🤖 AI Summary
High-dimensional canonical correlation analysis (CCA) often fails due to the curse of dimensionality, and existing sparse CCA methods struggle to simultaneously ensure computational efficiency and statistical rigor. To address this, we propose ECCAR—a fast, theoretically grounded sparse CCA algorithm. Our method recasts CCA as a high-dimensional low-rank regression problem, bypassing Fantope projection entirely; instead, it jointly optimizes sparse regularization and low-rank constraints within a projection-free, scalable framework. We establish that the resulting estimator achieves the minimax-optimal estimation error rate with high probability under mild conditions. Empirical evaluations demonstrate that ECCAR significantly outperforms state-of-the-art methods in runtime while consistently identifying robust, interpretable cross-domain associations—particularly in multi-omics integration and interpretable machine learning tasks.

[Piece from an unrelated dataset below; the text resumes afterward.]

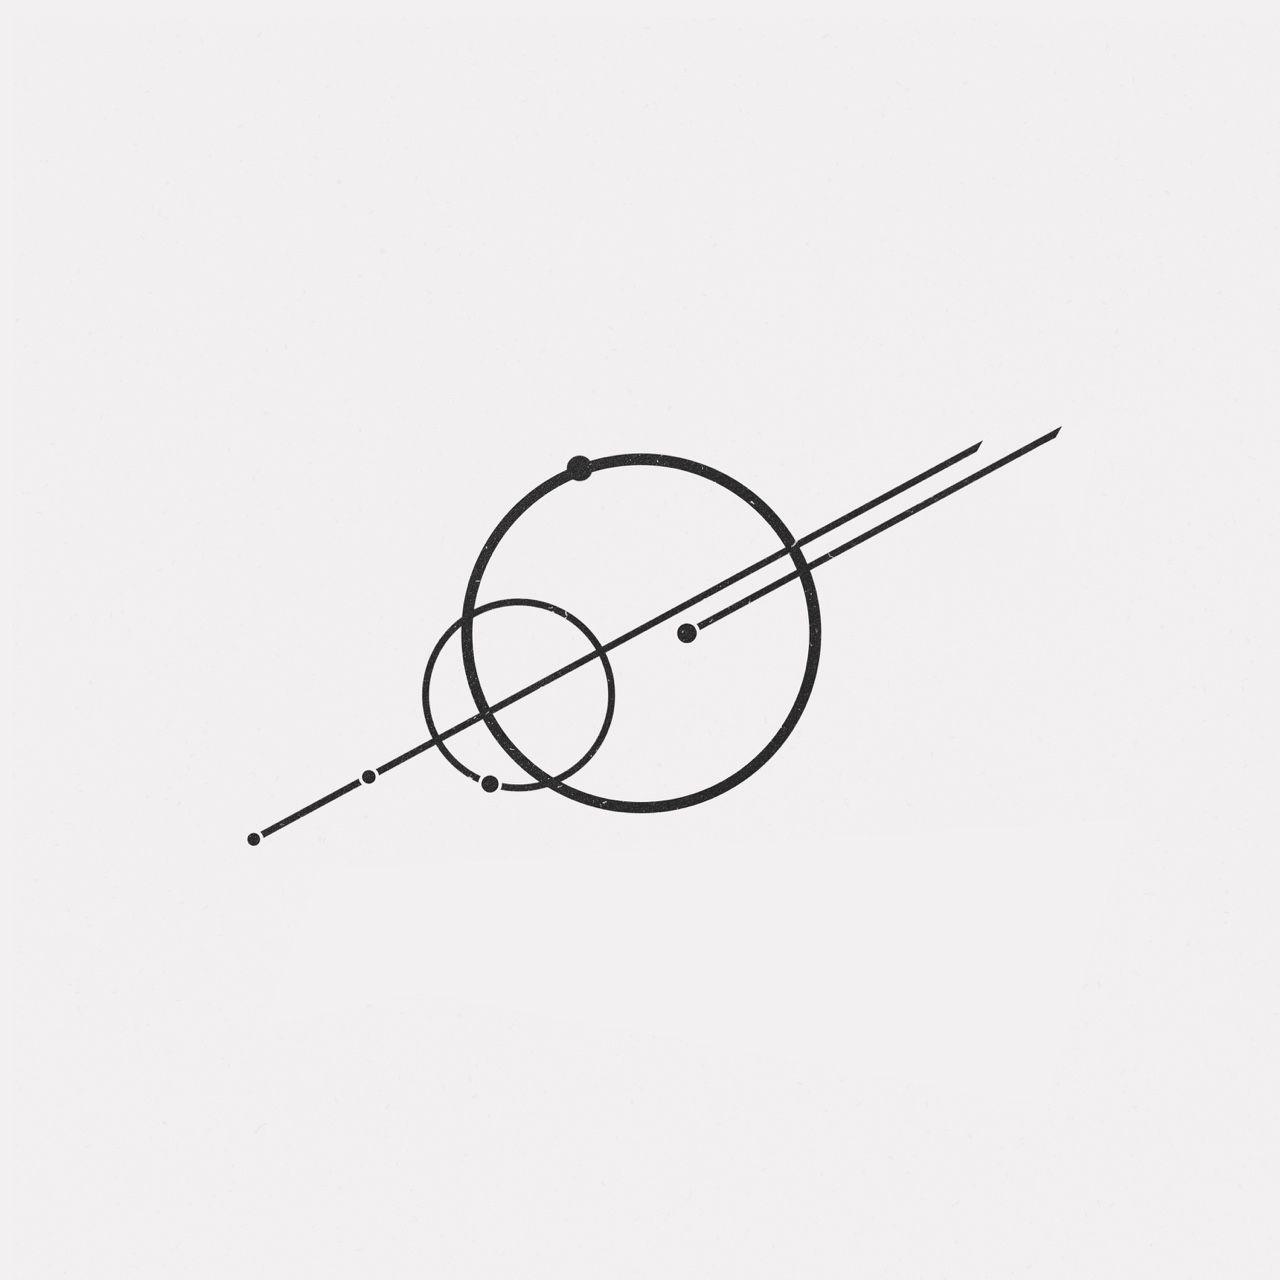 Ju16 612 A New Geometric Design Every Day Geometric Tattoo

An open-source R package implementing ECCAR is publicly available.
📝 Abstract
In high-dimensional settings, Canonical Correlation Analysis (CCA) often fails, and existing sparse methods force an untenable choice between computational speed and statistical rigor. This work introduces a fast and provably consistent sparse CCA algorithm (ECCAR) that resolves this trade-off. We formulate CCA as a high-dimensional reduced-rank regression problem, which allows us to derive consistent estimators with high-probability error bounds without relying on computationally expensive techniques like Fantope projections. The resulting algorithm is scalable, projection-free, and significantly faster than its competitors. We validate our method through extensive simulations and demonstrate its power to uncover reliable and interpretable associations in two complex biological datasets, as well as in an ML interpretability task. Our work makes sparse CCA a practical and trustworthy tool for large-scale multimodal data analysis. A companion R package has been made available.